Part 85
(Adrian's POV)
The morning arrived quiet and gold.
Mist hung over the hills, softening the outlines of the world. The first rays of sunlight slipped through the window of Moonlight Brew, catching on the rows of glass jars and the silver espresso machine.
Adrian unlocked the café door like always — a little hum under his breath, his mother already in the kitchen brewing tea.
Then he saw it.
Right by the door, half-hidden against the mat, was an envelope. White, crisp, untouched by dew.
He crouched down, picking it up gently. The weight inside told him what it was before he even looked.
A flower.
He pulled it out slowly — a single pressed sunflower, delicate, pale against his fingers.
For a long moment, he just stared at it.
Not shocked. Not trembling. Just still.
He remembered the handwriting on that first note months ago — "Even sunflowers grow in the dark." He remembered the fear that used to come with it: the sleepless nights, the constant second-guessing, the ache of being watched.
But this morning… there was none of that.
He sighed softly, almost sadly, and placed the flower on the counter.
"Another one?" his mother called from the back, teasing. "Your fans don't quit, do they?"
Adrian smiled faintly. "No… they never really do."
But there was no bitterness in his voice — only quiet acceptance.
He looked out the window, at the mist curling around the trees, the sunlight cutting through. Whoever left that flower wanted him to feel small again, haunted again — but he didn't.
Not anymore.
Because now he had something solid — the clatter of cups, his mother's laughter, the warmth of coffee and sunlight and human faces that weren't looking for perfection, just presence.
He tucked the flower into an old recipe book behind the counter — not as a trophy, but as a reminder.
Not everything left behind needed to be chased.
Not every shadow needed to be feared.
And as the first customers of the day walked in, Adrian smiled, took their orders, and went back to his rhythm — calm, grounded, free.

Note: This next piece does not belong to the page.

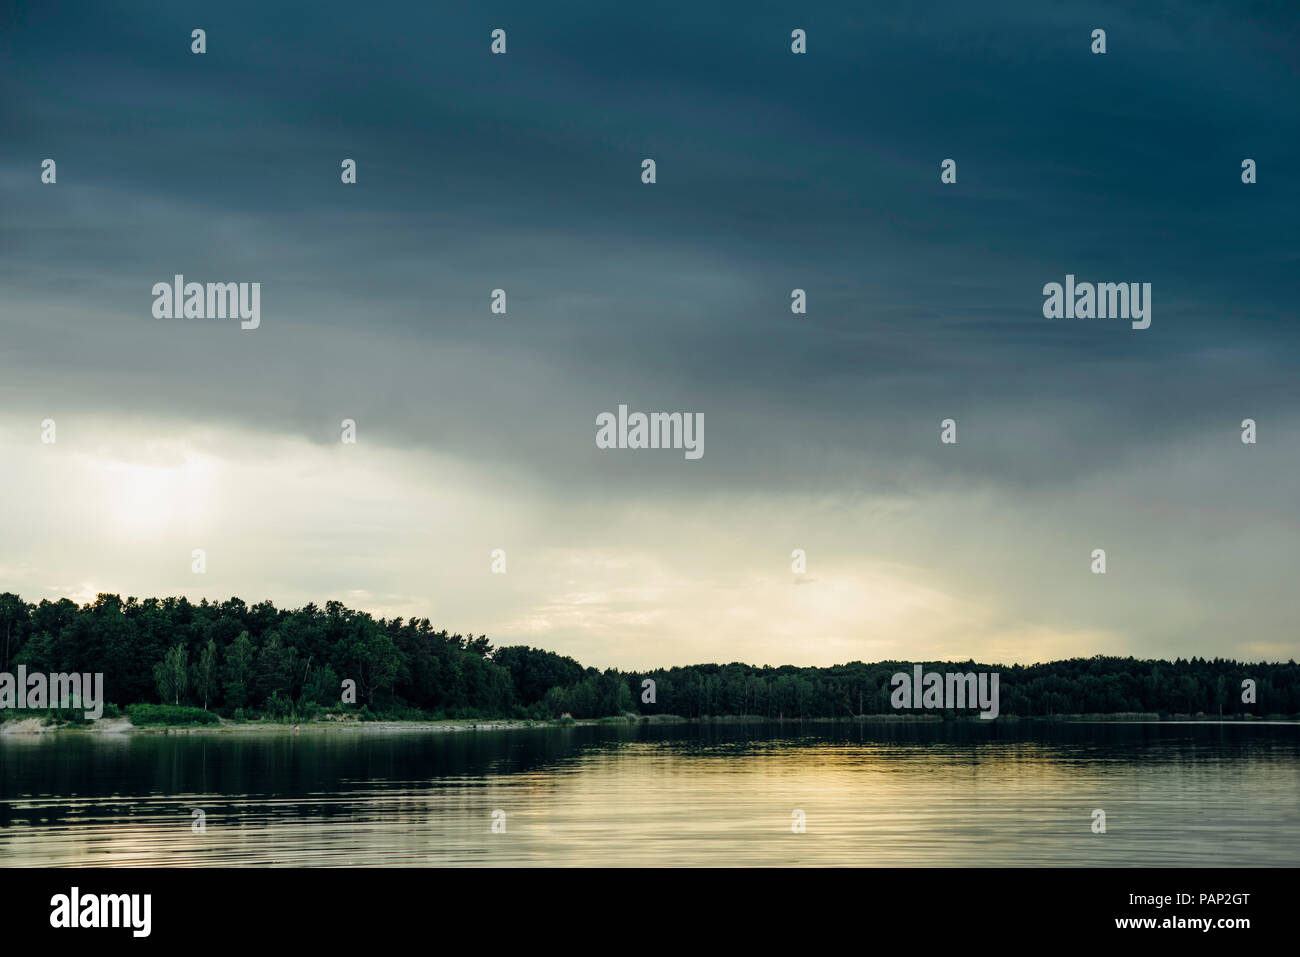 Germany, Saxony, Naunhof, lake at dusk Stock Photo

Across the road, through the misty windshield of her car, Alex watched.
Her knuckles whitened around the steering wheel as she saw him smile — smile — holding the flower she had left like it was nothing more than a note from an admirer.
No trembling. No confusion. No fear.
He was supposed to feel her.
He was supposed to remember that she could reach him, that no matter how far he ran, her presence would always find him.
But he looked… unbothered.
That calmness — that quiet defiance — burned hotter in her than jealousy ever had.
She whispered, voice trembling with fury,
"You think you're safe, Adrian? You think you can just… live without me?"
Her pulse thudded in her throat as she started the car, eyes never leaving the café.
"Fine," she hissed. "If you won't feel my love—"
The words caught, her expression twisting into something sharper, darker.
"Then you'll feel what comes next."
And with that, she pulled away from the curb, the sound of her tires swallowed by the morning fog.
Inside the café, Adrian laughed softly at something his mother said, completely unaware of the storm he had just woken in her.